Saorsa
- First edition
- Language: Scottish Gaelic
- Genre: Short story
- Publisher: Ùr-sgeul
- Publication date: 2011
- Publication place: Scotland
- Media type: Print (paperback)
- Pages: 151 pp
- ISBN: 978-1900901819
- OCLC: 781996060

= Saorsa =

Saorsa is a collection of short stories in Scottish Gaelic edited by Joan NicDhòmhnaill and John Storey and published by Ùr-sgeul in 2011. While varied, the stories explore the shared themes of moral ambiguity, subversion and law breaking.
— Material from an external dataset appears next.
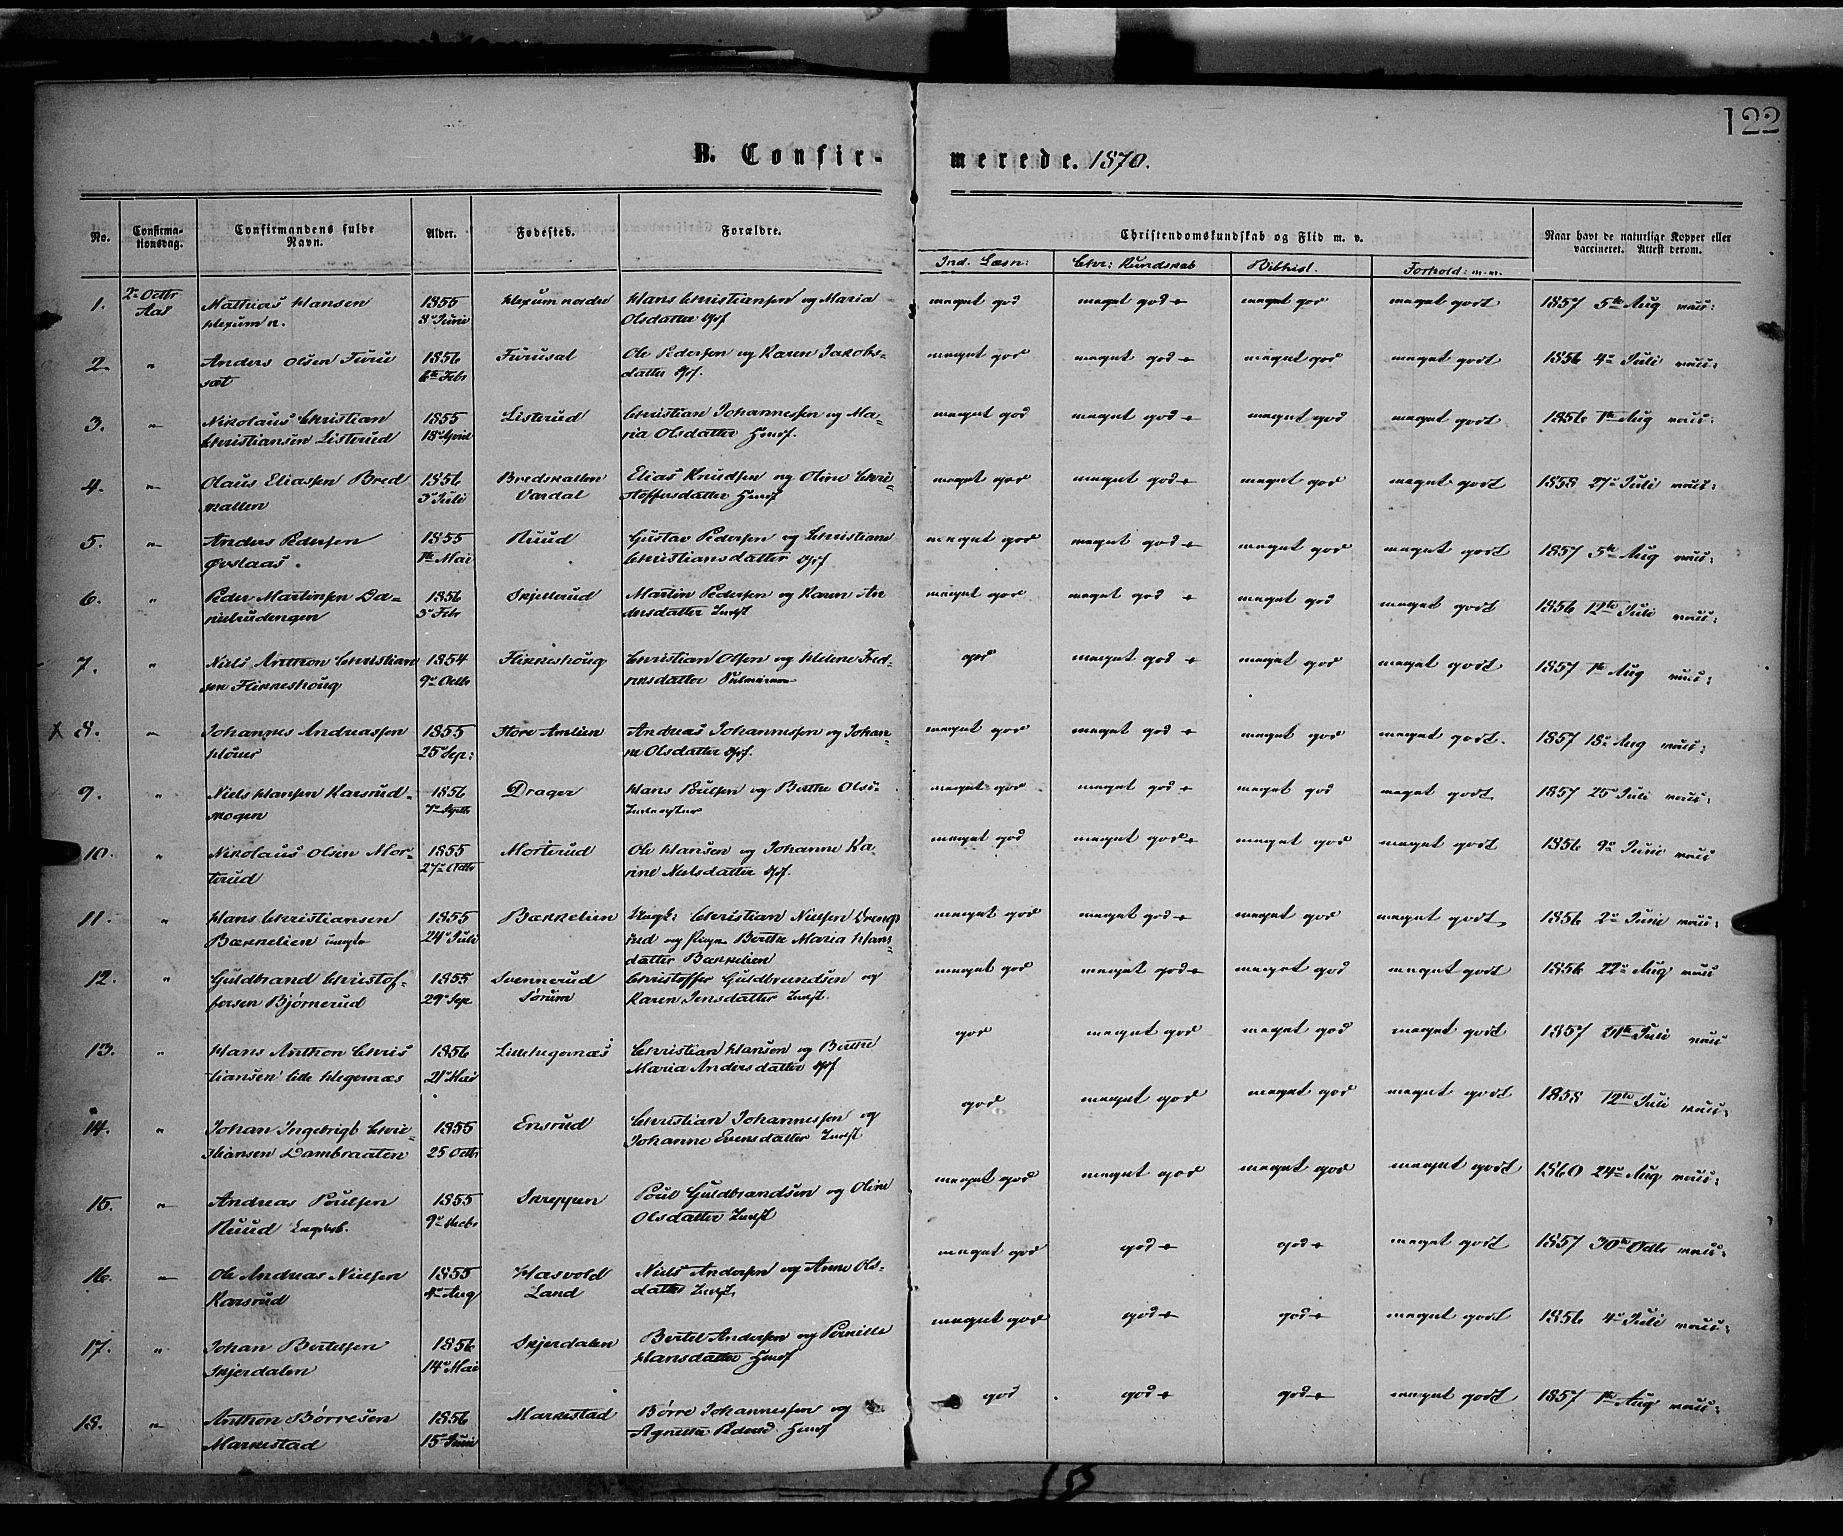 SAH, Vestre Toten prestekontor, H/Ha/Haa/L0008: Ministerialbok nr. 8, 1870-1877, s. 122

Crime, drugs, plastic surgery, poverty, abuse, neoliberalism, tourism, cultural identity, migration, murder, love, betrayal, politics, social and economic history are some of the topics explored in the collection.

== The stories ==

In all, Saorsa includes 13 new short stories from 13 writers:

- Luathas-teichidh by Tim Armstrong
- Dh'fhalbh sin, 's thàinig seo by Maureen NicLeòid
- Dorsan by Annie NicLeòid Hill
- An Fhianais by Màiri Anna NicDhòmhnaill
- An Comann by Seonaidh Adams
- Saorsa gun chrìch by Mìcheal Klevenhaus
- An Drochaid by Mona Claudia Wagner
- Sandra agus Ceit by Seònaid NicDhòmhnaill
- Playa de la Suerte by Gillebrìde Mac 'IlleMhaoil
- Iain MacAonghais by Neil McRae
- Euceartas Ait by Cairistìona Stone
- An Dotair Eile by Pàdraig MacAoidh
- Chanadh gun do chuir i às dha by Meg Bateman

== Reception ==
The collection was generally praised. Aonghas MacNeacail wrote in a review in the West Highland Free Press that the Saorsa was "a reason for hope and excitement", and Moray Watson wrote in his review in Northwords Now that the collection advanced the development of Gaelic prose in general.